Hampton Roads Seeks Netplex Niche


Hampton Roads Seeks Netplex Niche

By Tania Anderson
Staff Writer

A stirring of sorts is taking place in the Hampton Roads region of Virginia. Regional economic developers are in the process of creating their own niche in the Netplex, and funding for a new technology transfer center may be their ticket to ride.

The state of Virginia has provided $500,000 for a Modeling Analysis and Simulation Center at Old Dominion University, Suffolk, Va., which will be open for business by June.

Funding for the 6,500-square-foot facility was added to Old Dominion University's budget by the Virginia General Assembly in February.

At the center, simulation tactics developed by the U.S. military under a cooperative effort with industry and academia will be applied to solve commercial problems such as whether a manufacturing company should build another plant.

The center's first project will work with Norfolk Southern, one of the largest railroad companies in the country, and the Virginia Port Authority, which operates port terminals in Norfolk, Portsmouth and Newport News.

The port terminals in Norfolk are going through a $400 million expansion, and VMASC will simulate a model of the completed port so planners can test traffic patterns in the newly renovated port. The model will use technology that military officials use to simulate warfare strategies.

Organizers of VMASC expect to attract large defense contractors, university researchers and federal laboratory researchers as users of the center.

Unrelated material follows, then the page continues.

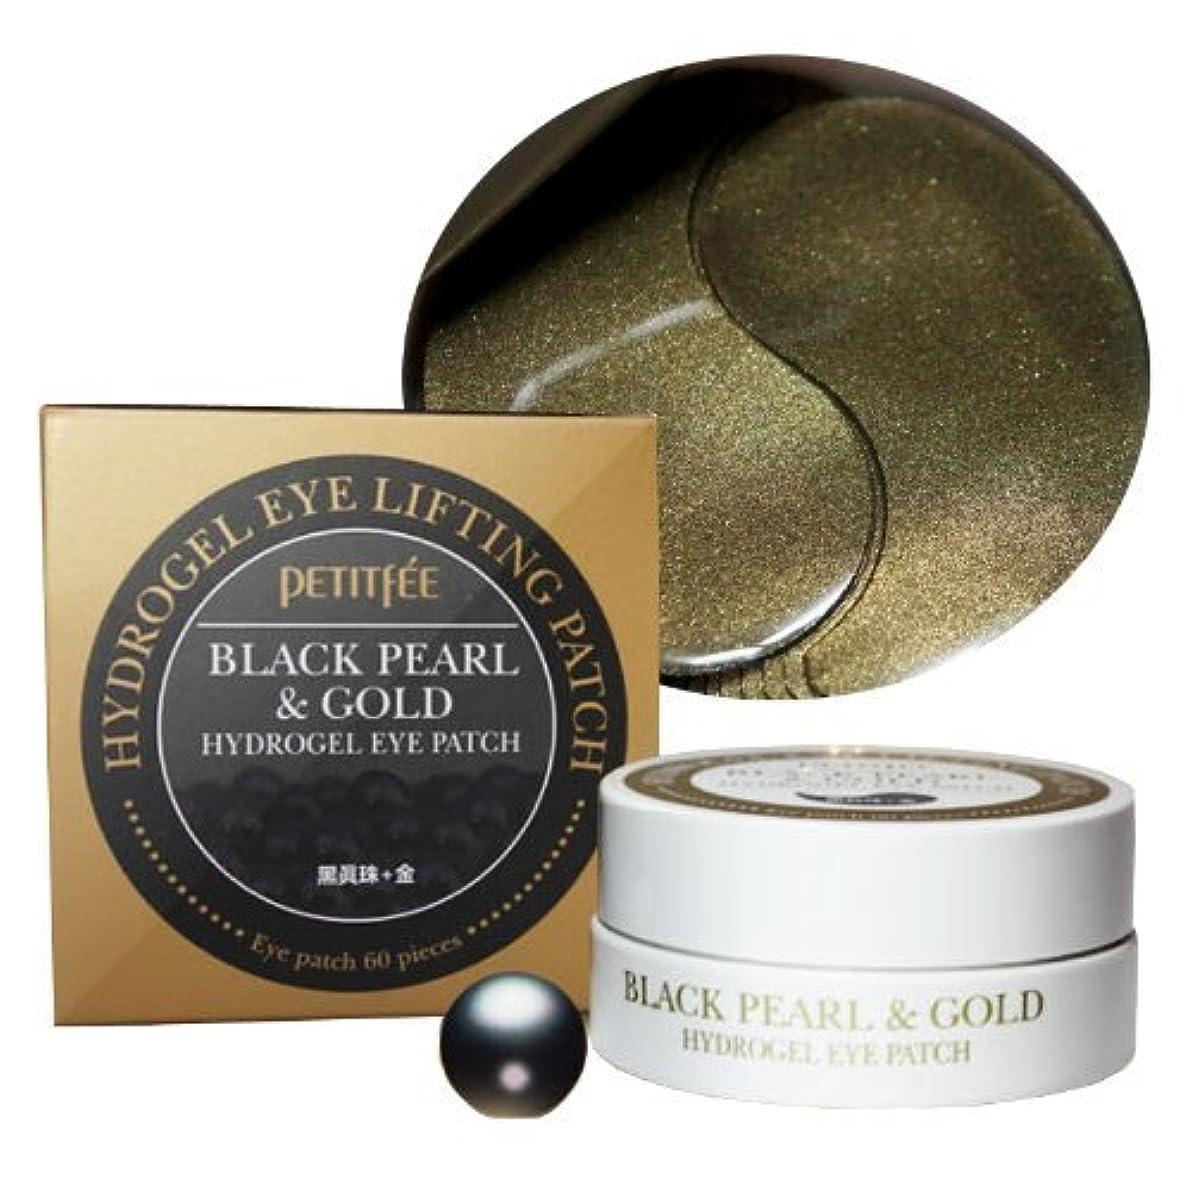 敵対的スペクトラム噴火*Petitfee* Blackpearl&gold Hydrogel Eyepatch. Eye Patch60ea

Tom Mastaglio, executive director of VMASC, is putting together a consortium of experts in academia, business and government to serve as partners on the center's projects. Lockheed Martin Corp., Bethesda, Md., has already committed to participate in the consortium, he said. The simulation technology used by the center is being developed by the U.S. Defense Department's Joint Training, Analysis and Simulation Center, also in Suffolk, Va.

Officials for the city of Suffolk expect the center to create new jobs and capital. Thomas O'Grady, the director of economic development for the city, said he expects companies to take advantage of the center through remote access at first and eventually move to the area to be closer to the facility.

The center, an idea conceived by ODU and officials at the military's local training and simulation center, serves as a major regional development boon for the Hampton Roads region. Traditionally known as a manufacturing center, the region is home to the U.S. Navy Atlantic Fleet, NASA's Langley Center and the Department of Energy's Thomas Jefferson National Physics Laboratory.

Barry Duvall, president of the Hampton Roads Partnership, the area's economic development organization, and mayor of Newport News, Va., said the region's goal is to create a mecca of aeronautics and material science companies.

"We hope there will be spin-off opportunities for companies to locate to Hampton Roads," said Duvall, who is also launching a technology council for the region this month.